Diagonalization and Powers of A

We know how to find eigenvalues and eigen vectors. In this lecture we learn to diagonalize any matrix that has \(n\) independent eigenvectors and see how diagonalization simplifies calculations. The lecture concludes by using eigenvalues and eigenvectors to solve difference equations.

Diagonalizing a Matrix S^-1AS=Lambda

If A has n linearly independent eigenvectors, we can put those vectors in the columns of a matrix S(square, invertible), then:

\[ \begin{align} AS &= A \begin{bmatrix} \mathbf{x_1} & \mathbf{x_2} & \cdots & \mathbf{x_n} \end{bmatrix} \\ &= \begin{bmatrix} \lambda_1 \mathbf{x_1} & \lambda_2 \mathbf{x_2} & \cdots & \lambda_n \mathbf{x_n} \end{bmatrix} \\ &= S \begin{bmatrix} \lambda_1 & 0 & \cdots & 0 \\ 0 & \lambda_2 & \cdots & 0 \\ \vdots & \vdots & \ddots & \vdots \\ 0 & 0 & \cdots & \lambda_n \end{bmatrix} \\ &= S\Lambda \end{align} \]
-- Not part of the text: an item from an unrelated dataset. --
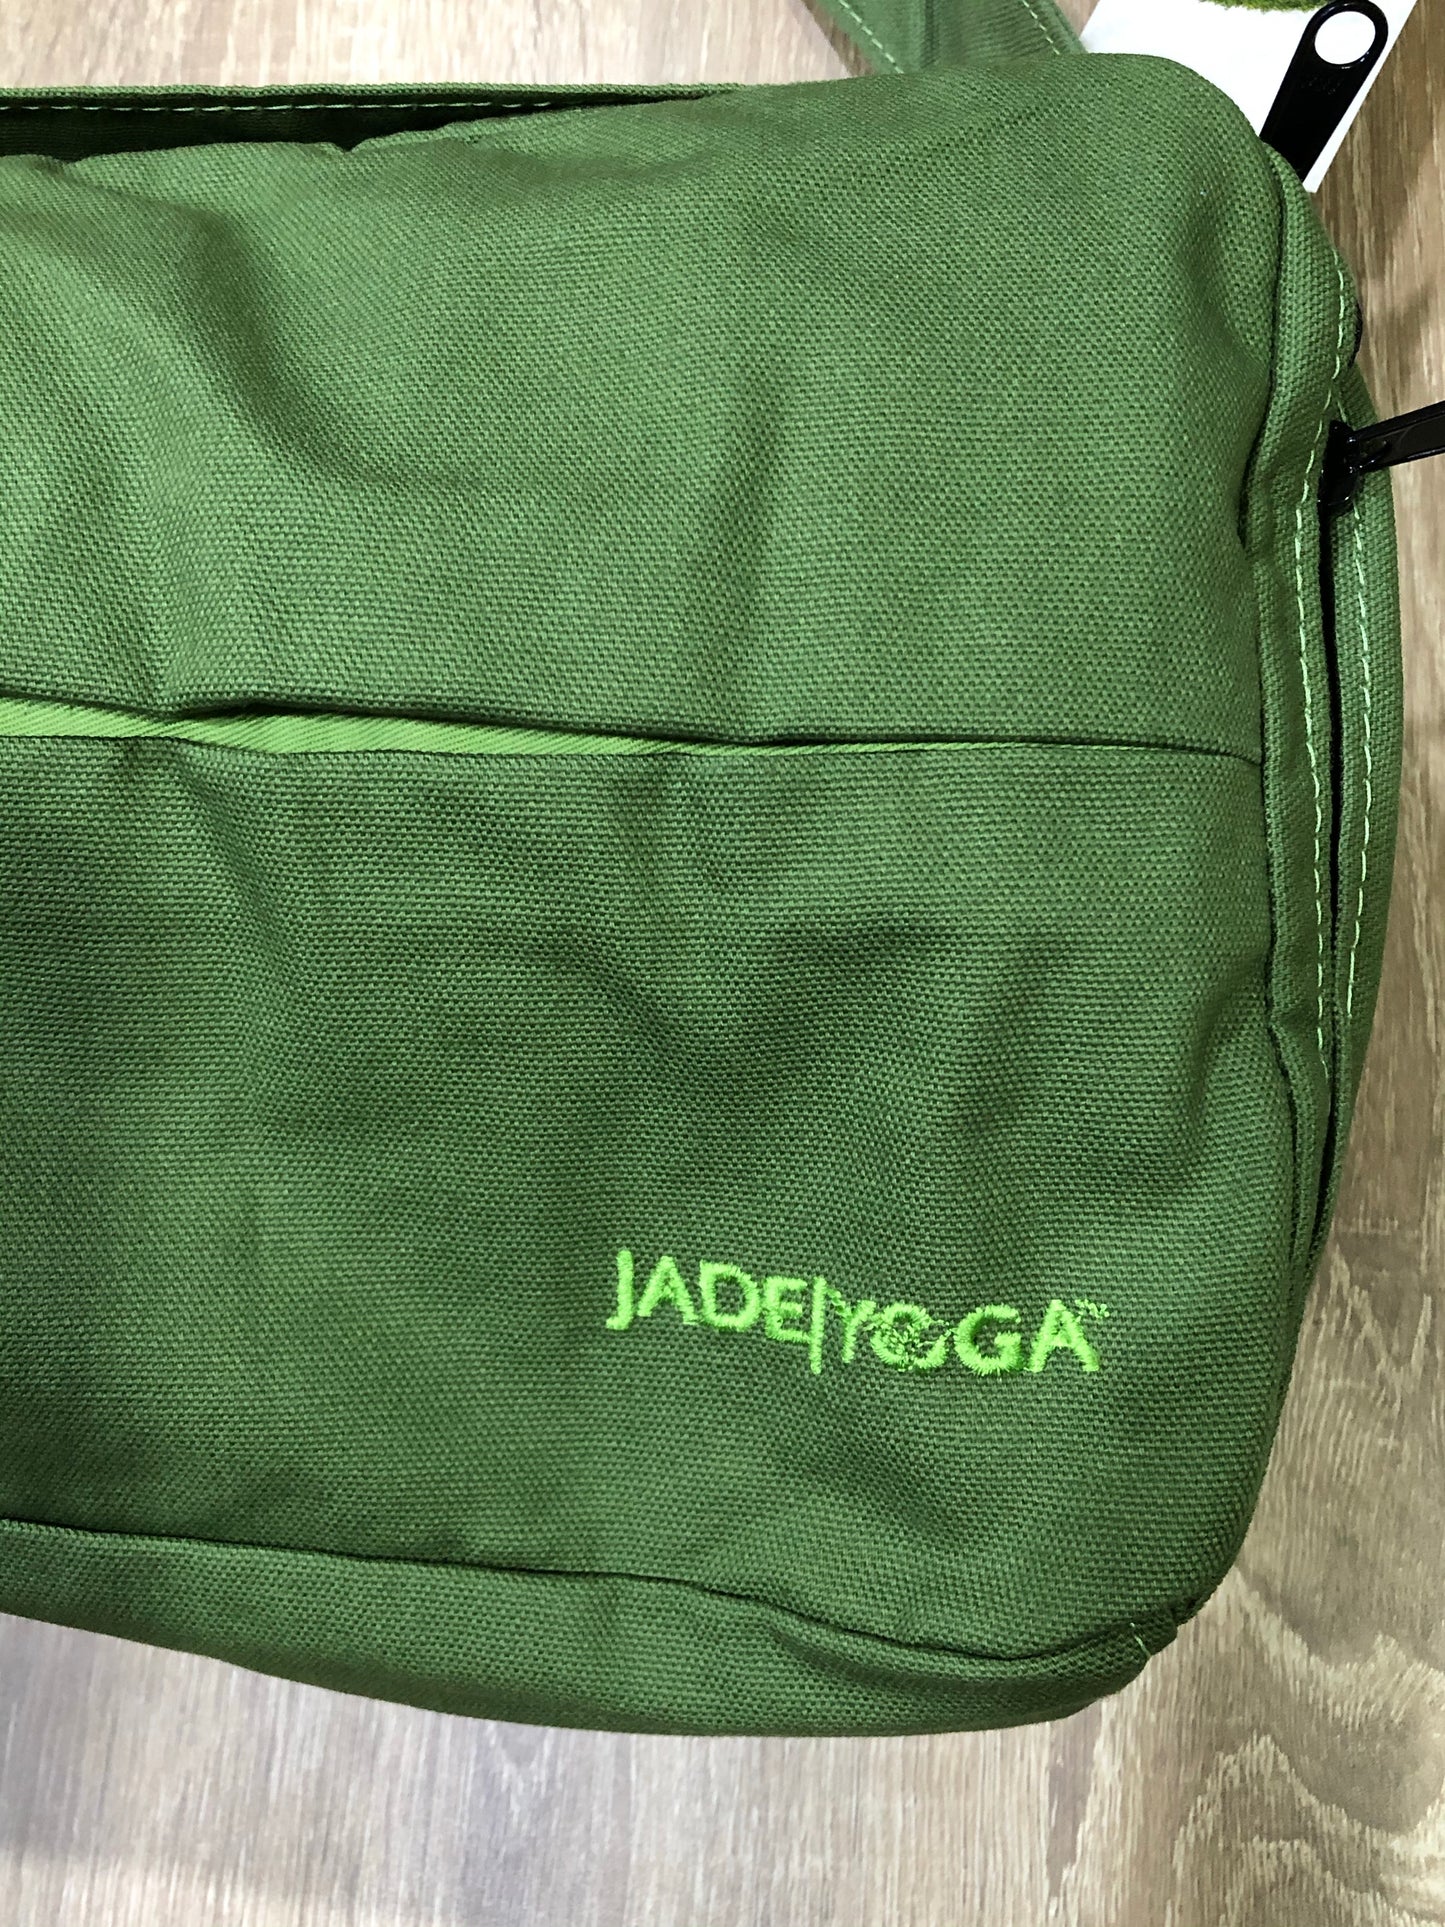 Jade Yoga Macaranga Mat Bag - Fern

Note that \(\Lambda\) is a diagonal matrix whose non-zero entries are the eigenvalues of \(A\). Because the columns of \(S\) are independent, \(S^{-1}\) exists and we can multiply both sides of \(AS = S \Lambda\) by \(S^{-1}\):

\[ S^{-1} AS = \Lambda \]

Equivalently,

\[ A = S \Lambda S^{-1} \]

Powers of A

What are the eigenvalues and eigenvectors of \(A^2\)?

\[ \begin{align} \text{If } A\mathbf{x} &= \lambda \mathbf{x} \\ \text{then } A^2 \mathbf{x} &= \lambda A \mathbf{x} = \lambda^2 \mathbf{x} \\ \end{align} \]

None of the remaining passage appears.